Re: Another Project for Roger?---Anza Gap
Posted by heartland chris on February 29, 2008 at 03:49:15:

OK, the seismicity is much shallower south than north. I pulled out the fault map to see where this is. I don't know the area but may be higher heat flow south than north, and more contraction north than south (transpression vs. transtension?). So, sure, there are probably geologic causes. A fault that is locked to a deeper depth can give off more seismic energy, everything else being the same. Probably shaking is greater in transpression than transtension (or, at least thrust shakes harded than normal). Loma Prieta hypocenter was in area with deeper seismicity before the quake than other parts of the San Andreas.
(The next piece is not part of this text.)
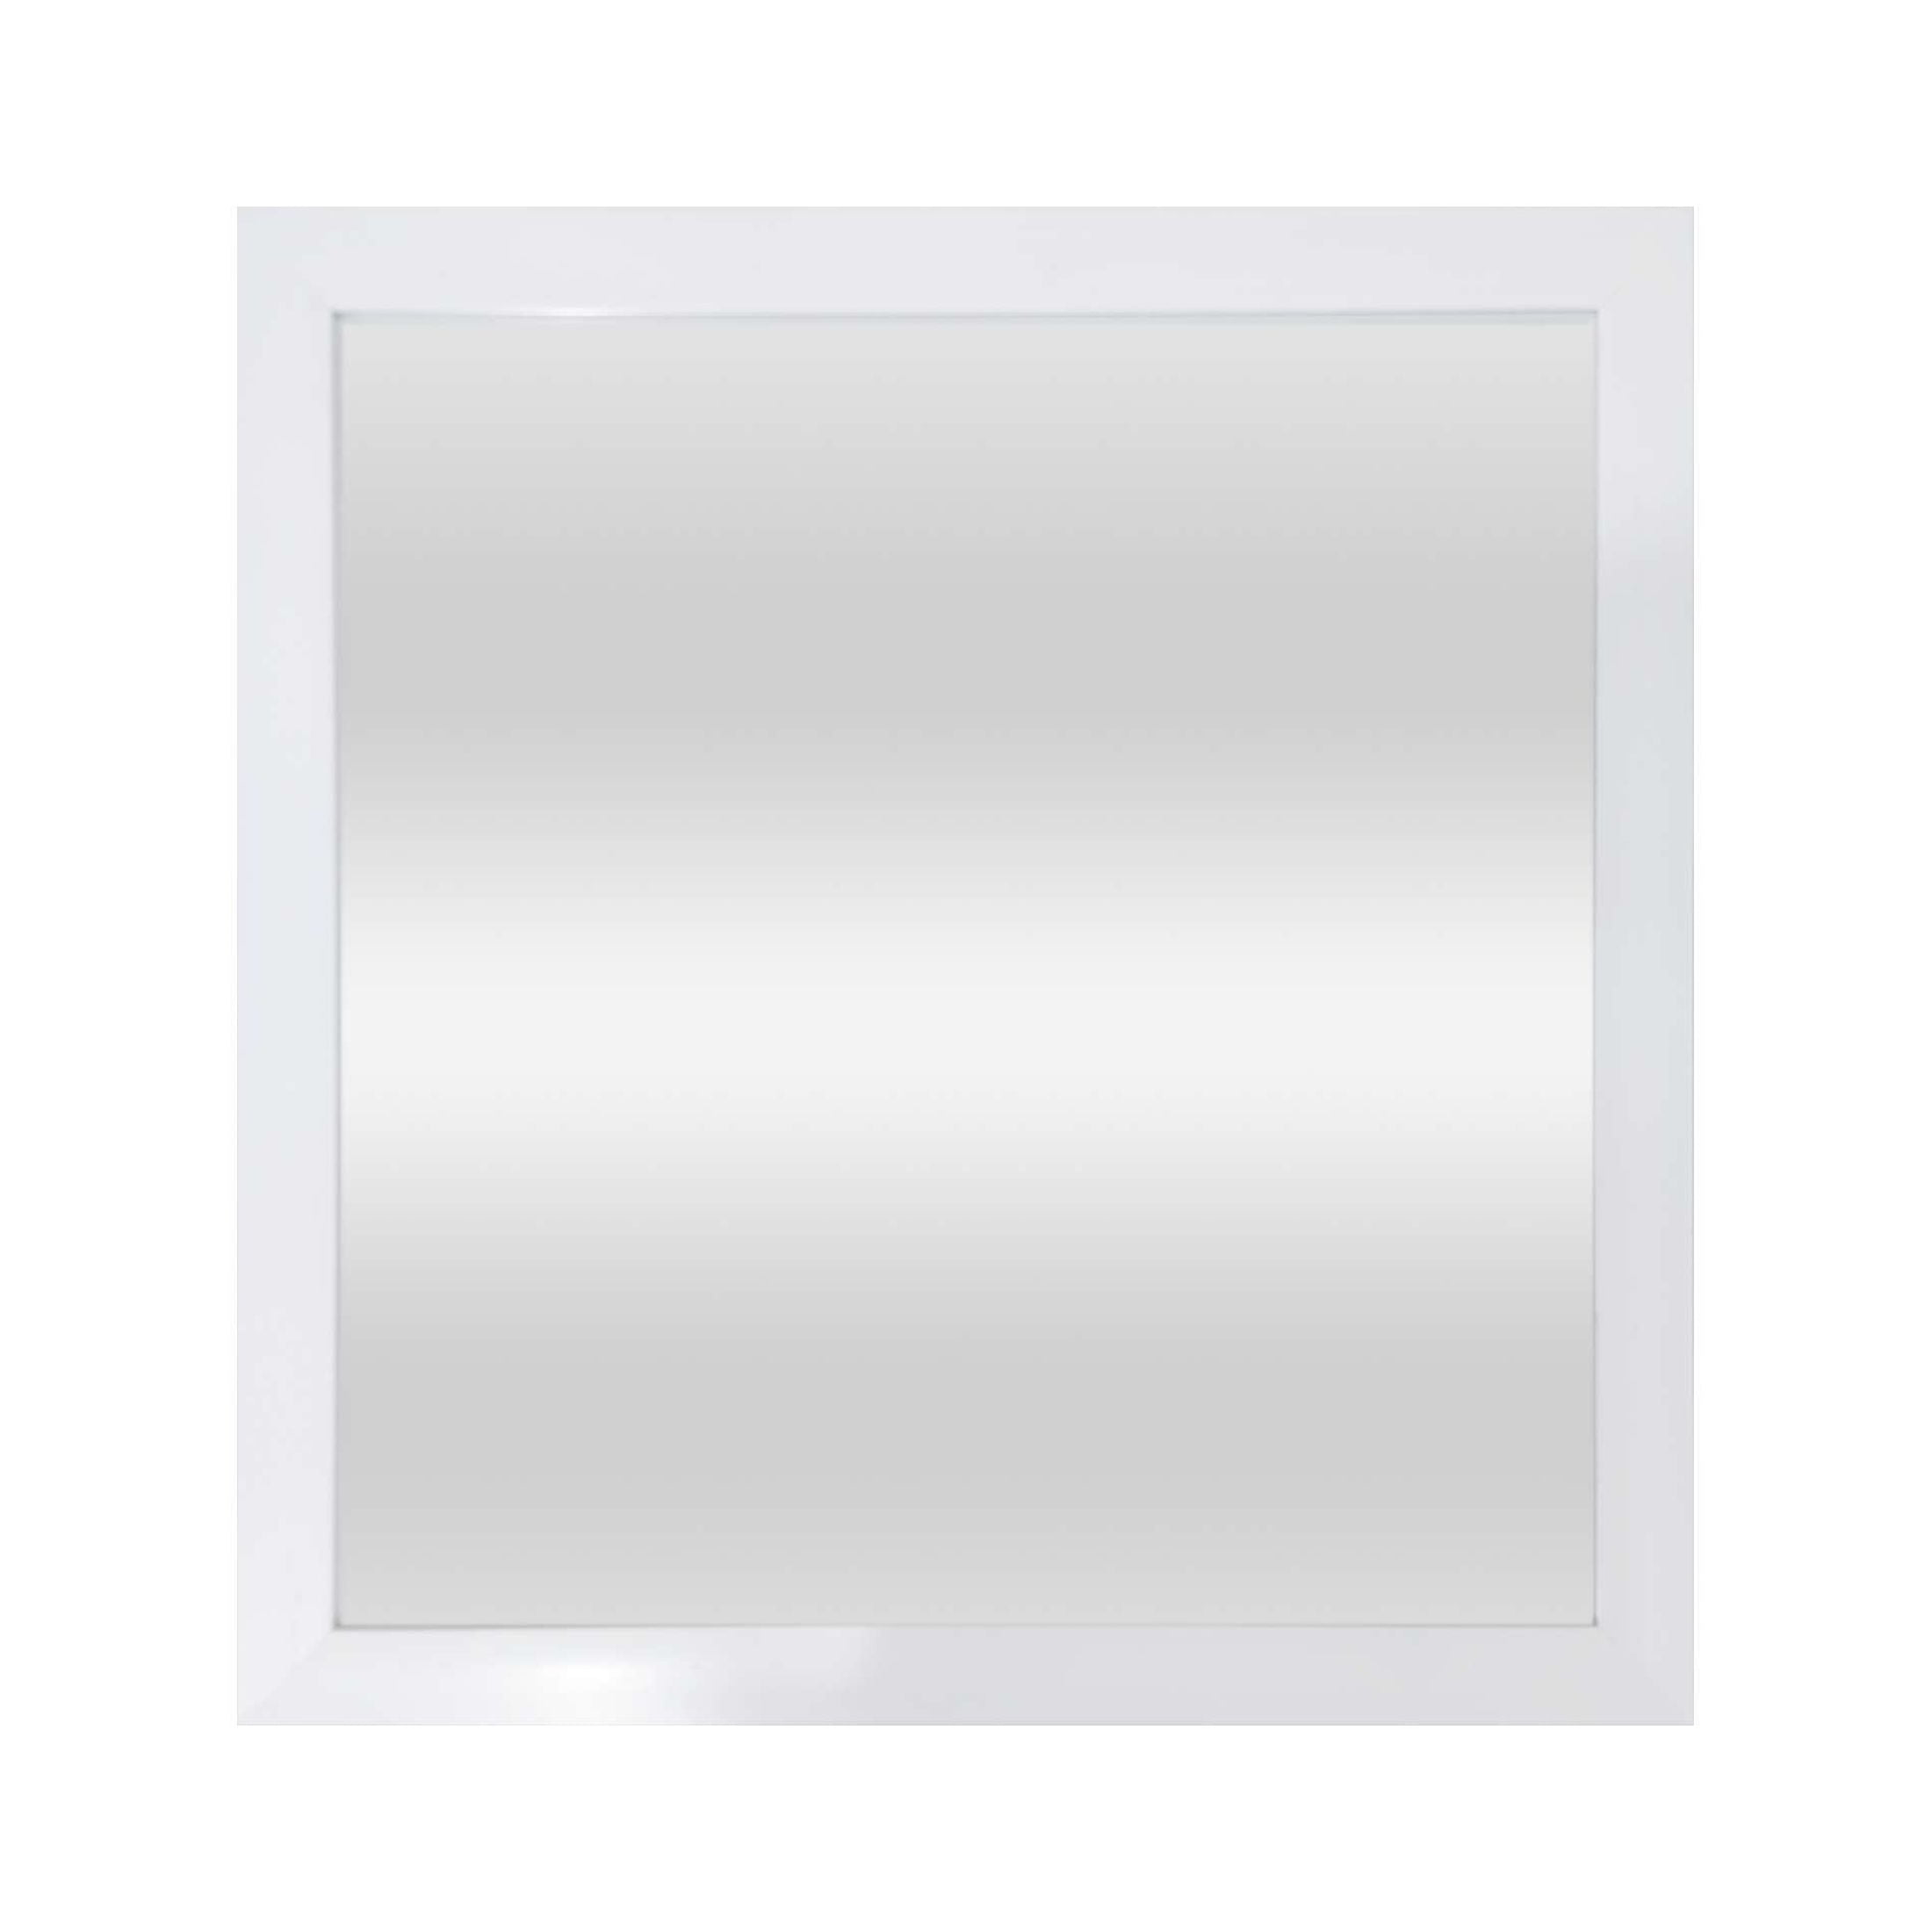 Mainstays Wall Mirror Square, 16In X 16In, Black

I'm not an earthquake seismologist, but I think that what you are looking for is worthwhile...although it may take 1000 years to get good at this in any one area. You could look at worldwide quakes in similar fault settings to cut down the wait time (although then it would start to be a job rather than a hobby). You could look into Google Earth and see if earthquakes can be plotted in 3D, or animated with time, on this or some other free 3D software...maybe Roger would be in to helping. This just came up yesterday ...a colleague sent HW an image from Google Earth of eastern Marmara Sea and suroundings...but it looked like the offshore Bathymetry was pasted in to a Google earth oblique view to match, using Illustrator, rather than displaying the bathymetry with Google Earth. I actually don't know what is possible, but think Google Earth can be used for such things.

In research, free is good...until it takes so long to use that time also becomes valuable.